Adaptations and Collaborations

Film and screen adaptations amplified her global profile. The Thief Lord reached cinemas under director Richard Claus, and Inkheart was filmed by Iain Softley with Brendan Fraser, Eliza Bennett, Paul Bettany, Helen Mirren, Andy Serkis, and Jim Broadbent bringing the printed cast to life. Funke has also collaborated directly with filmmakers, most notably with Guillermo del Toro on Pan's Labyrinth: The Labyrinth of the Faun, a novel that reimagined and expanded his celebrated film for readers. Throughout these ventures, she worked with editors and producers to preserve the texture of her worlds, bringing her illustrator's eye to maps, ornaments, and type that shaped the feel of each book.

Life in Germany and the United States

Funke's professional base began in Hamburg, where she wrote and illustrated while raising a family. She married Rolf Frahm, and together they had two children, Anna and Ben. As her books gained international traction, she moved to Los Angeles in 2005, positioning herself closer to the film industry and the English-language publishing world.

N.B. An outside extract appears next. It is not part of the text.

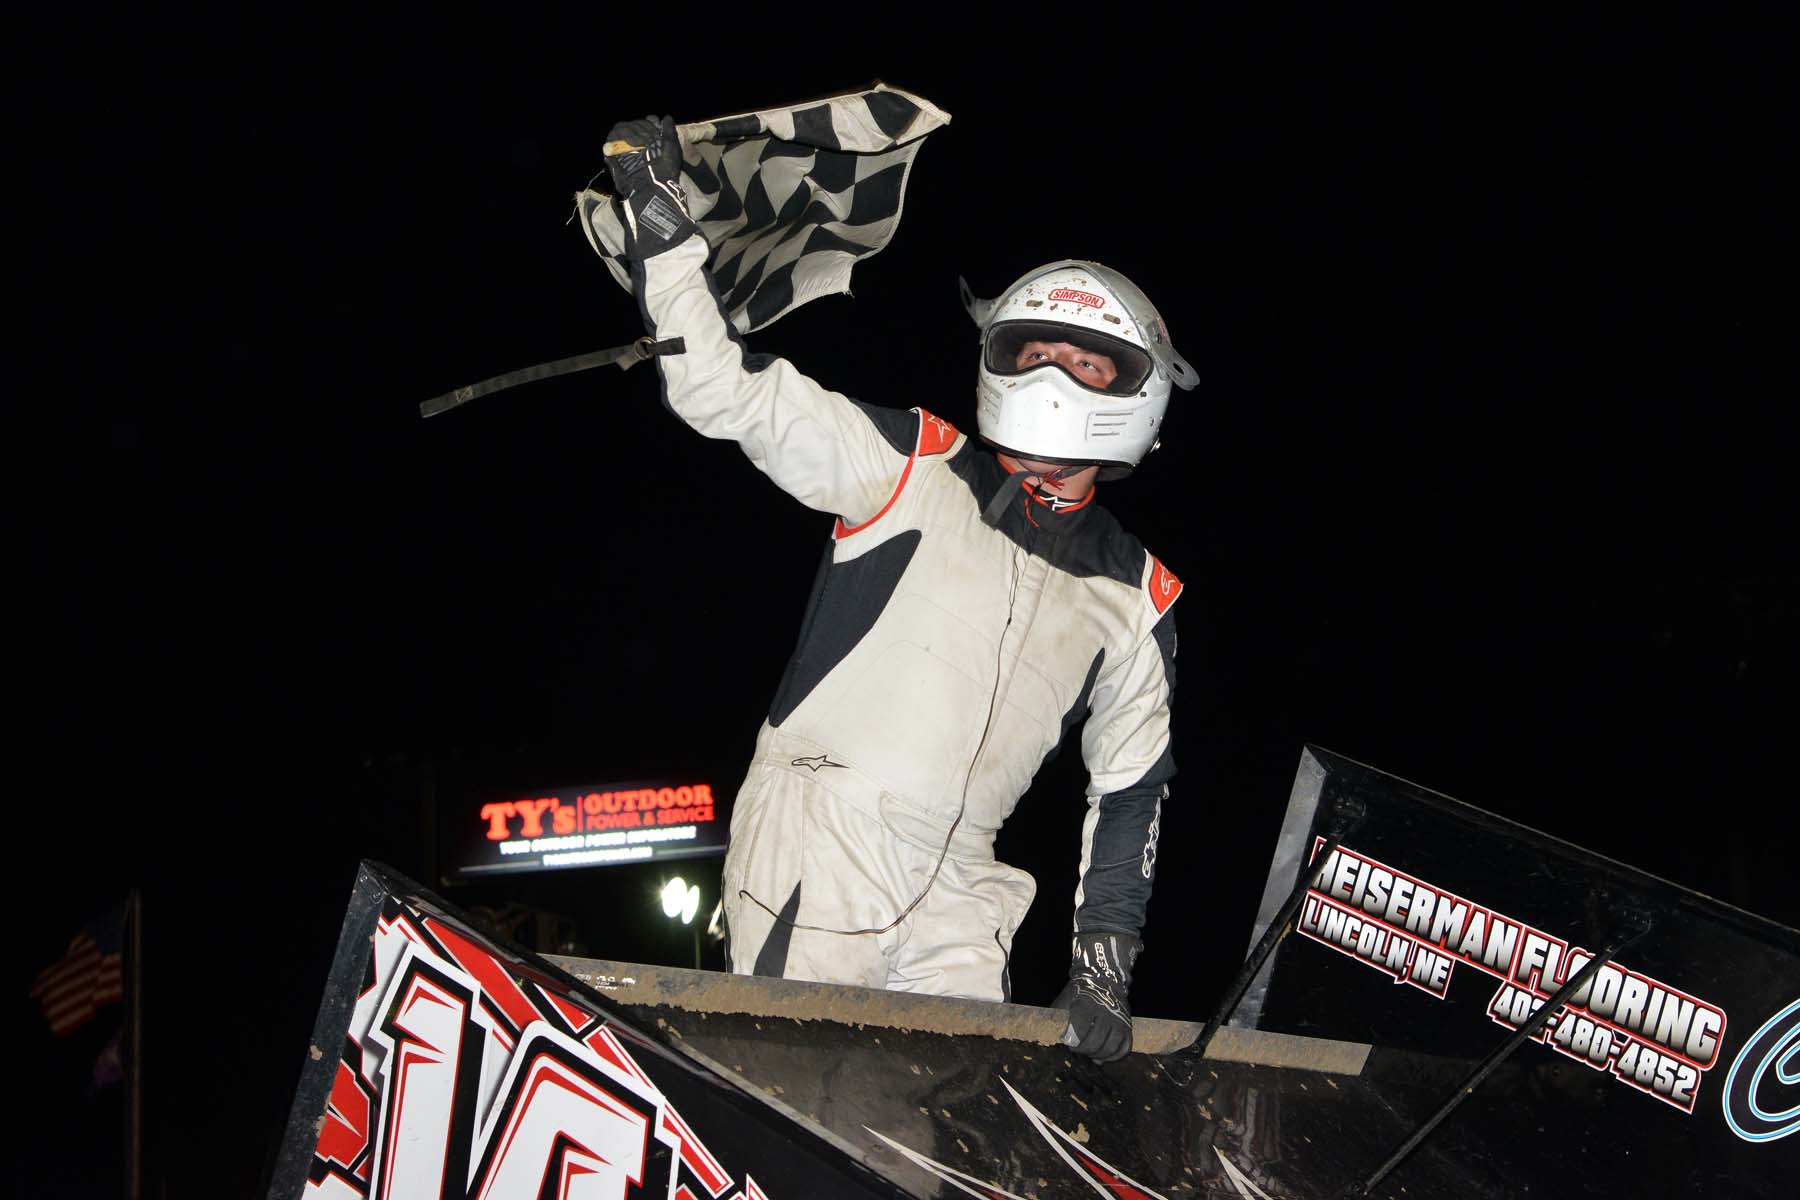 Danley wins at Eagle Raceway’s Party on !
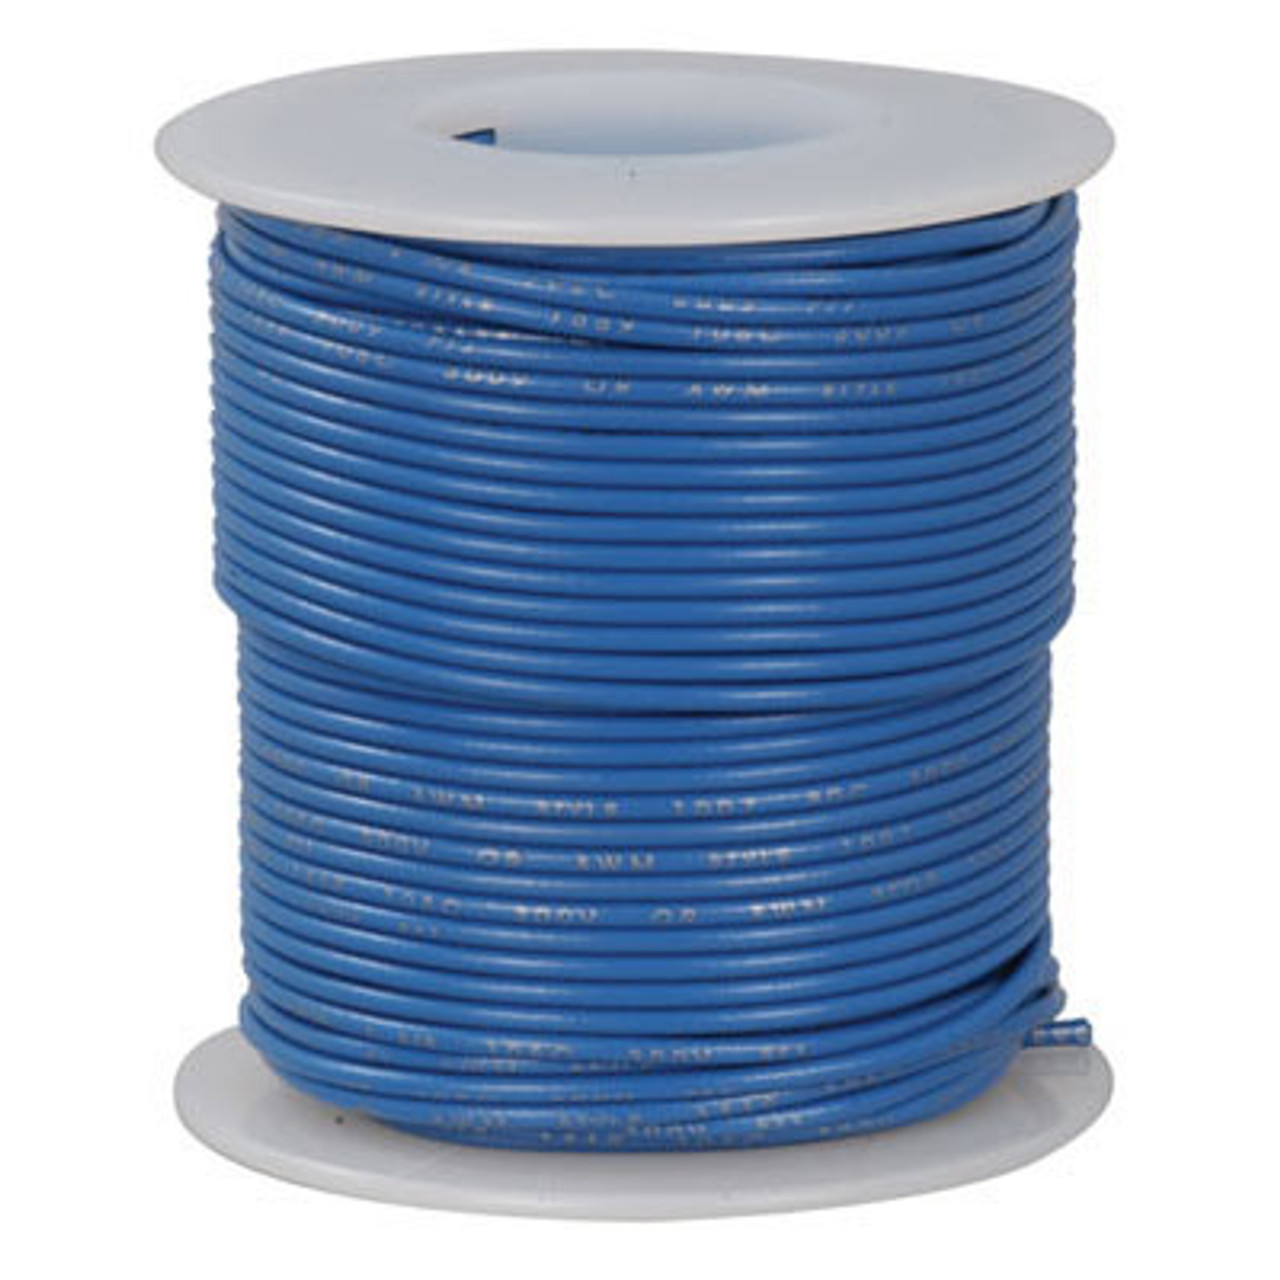 Blue 100 Foot 18 AWG stranded hook-up wire

The following year her husband, Rolf Frahm, died, a personal loss that she faced while continuing to write and parent. She maintained a creative studio that combined writing with drawing, often drafting sketches, chapter ornaments, and maps to accompany new stories. In the United States she later established the independent imprint Breathing Books to publish selected titles, giving her direct oversight of translation choices, illustration, and design.

Themes, Craft, and Influence

Across genres and age ranges, Funke's work is animated by the belief that stories have agency: they shelter the lonely, test the brave, and change the world by naming it. Her background in illustration shapes her prose; scenes are composed with a painter's attention to light, color, and negative space, and many volumes include her own art. She draws on European folklore, the Brothers Grimm, and classic quest narratives, while grounding fantasy in relationships between parents and children, siblings, and friends. Librarians, teachers, and translators have been central to her career; she often acknowledges how Anthea Bell and Oliver Latsch carried the music of her language into English, and how publishers like Barry Cunningham advocated for her books in new markets. Actors and directors have likewise contributed to her cultural footprint, with Brendan Fraser's embodiment of Mo circling back to the voice that inspired the character, and collaborators such as Lionel Wigram and Guillermo del Toro opening pathways between page and screen.

Reception and Legacy

By the early twenty-first century, Cornelia Funke had become one of Germany's most widely read contemporary authors for children and young adults, her titles regularly appearing on international bestseller lists. Her novels are staples of classrooms, libraries, and reading circles, inviting conversations about imagination, courage, and the ethics of power. As both writer and illustrator, and as a collaborator who credits the partners around her, she has modeled a creative life attentive to craft and community. From Dorsten to Hamburg to Los Angeles, from German originals to English translations, from printed pages to film sets, the arc of her career reflects the same conviction that animates her stories: that the borders between worlds are porous, and that words, when spoken with care, can summon wonders.